Ex vivo Approach to Treat Failing Organs: Expanding the Limits

Organ transplantation remains the final solution for patients with end-stage organ failure. However, the limited number of physiologically functional donor organs causes a continuous increase in the number of patients on the waiting lists for transplantation. Therefore, a large number of patients remains excluded from the option of transplantation [1,2].

In the last 5 years, the system for extracorporeal membrane oxygenation has undergone a significant development, bringing safety and efficacy to the treatment of patients with advanced cardiorespiratory disorders [3]. Extracorporeal membrane oxygenation can even be used in awake, nonintubated patients, bridging the time till they receive a donor organ, and it can also give the patients' own diseased organs time for partial or complete recovery [4,5]. Furthermore, different organ perfusion systems have been developed and implemented in clinical practice in order to maintain the viability of organs ex vivo [6].

The priorities of ex vivo therapies are the following:

- Ex situ topical surgical assessment of the diseased organ, which may allow precise excision and/or reconstruction of the tissue.
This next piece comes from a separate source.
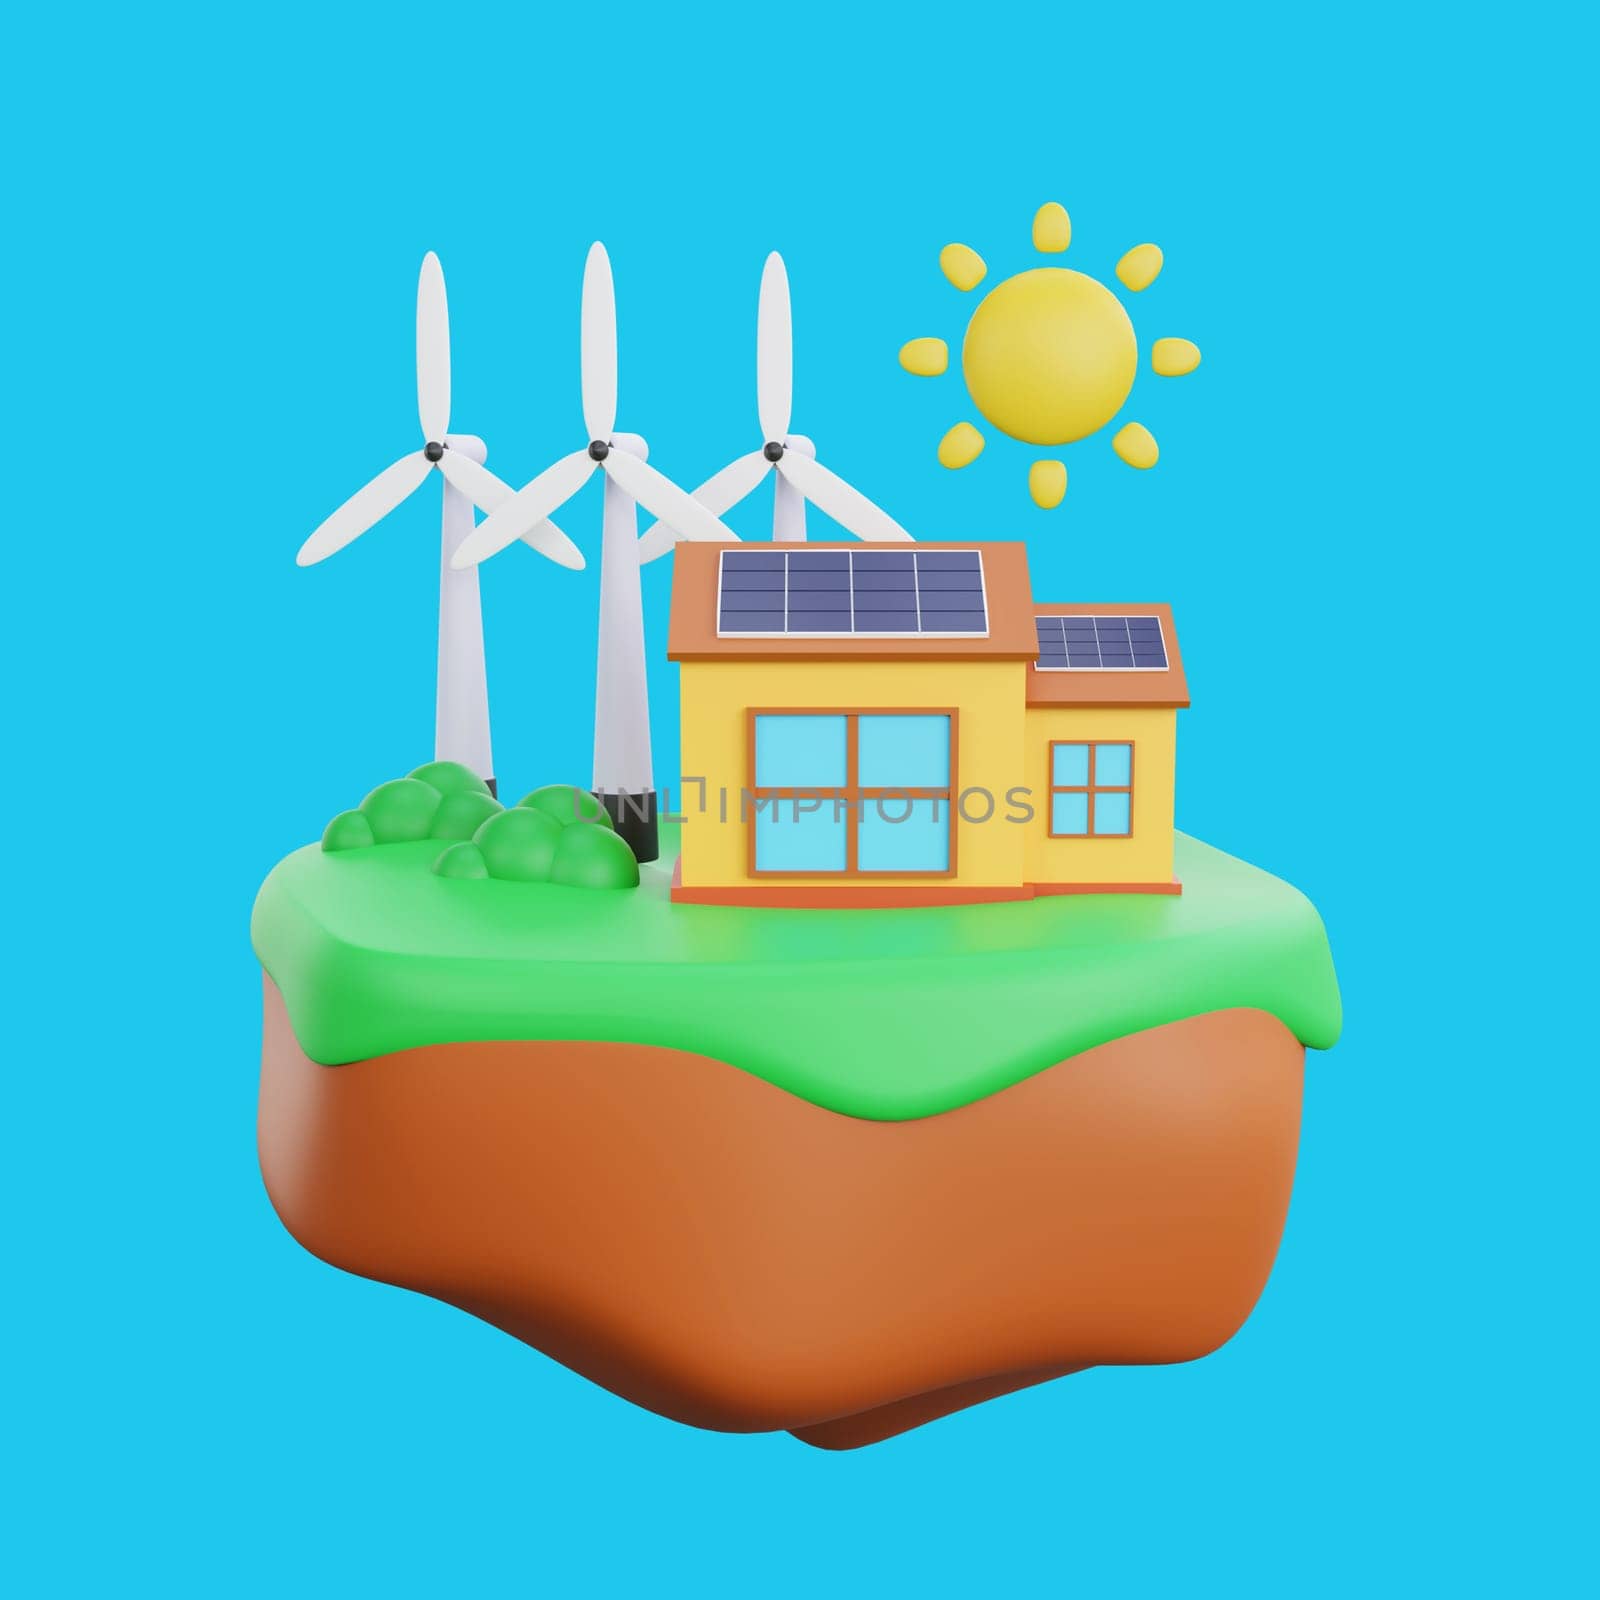 3d rendering of a wind turbine and solar panels ecology concept  by Rahmat_Djayusman

- Ex situ topical imaging for diagnosis based on exact assessment of the diseased tissue and precise definition of the borderlines of the healthy area.

- Local application of the medication or local exposure to radiotherapy allowing the application of high dosages and thus avoiding systemic application of the treatment.

- Ex vivo resuscitation of the failing organ by using improved perfusion in an optimized environment (pH, temperature, etc.) and preventing toxic metabolites from disseminating into the systemic circulation.

- Ex vivo pretransplant assessment and preservation of the organ.

For practical clinical use, ex vivo therapies are oriented in three major directions (fig. 1): (1) ex vivo pretransplant organ reconditioning, (2) ex vivo surgery and (3) ex vivo medical treatment.

In this review we aim to summarize the developments in the field of ex vivo organ recovery and to discuss the possibilities of combining and applying different technologies to address the effectiveness of isolated treatments of failed organs.

The number of patients in need of a donor organ constantly exceeds the number of organ donations. Yet, only 15-25% of the lungs from donors donating at least one other organ are transplanted, representing the lowest graft acceptance rate [7]. Very often the criteria for a ‘marginal' organ differ and/or criteria are applied differently by different transplant teams. Suboptimal assessment of organ function often leads to rejection of the donor tissue.

Progress in organ transplant technologies has led to the development of organ perfusion systems including portable devices that allow extended organ preservation and ex vivo perfusion. The Organ Care System (OCS) serves as an example. Developed by TransMedics (Andover, Mass., USA) for heart and lungs, it is a portable blood pulsatile perfusion system, which mimics physiological conditions and is designed to assess and improve marginal organs and to potentially improve the condition of routine donor organs [8].

Monbaliu and Brassil [9] have defined several advantages for organ preservation using machine perfusion compared with simple cold storage: (1) provision of continuous circulation and better preservation of the microcirculation, (2) continuous nutrient and oxygen delivery to fulfill the organ's metabolic demands, (3) removal of metabolic waste products and toxins, (4) opportunity to assess organ viability, (5) improved clinical outcomes by improved immediate graft function rates, (6) prolonged preservation time without increased preservation damage, (7) administration of cytoprotective and immunomodulating substances, and (8) economic benefit due to a lower graft dysfunction incidence, shorter hospital stays and better graft survival rates.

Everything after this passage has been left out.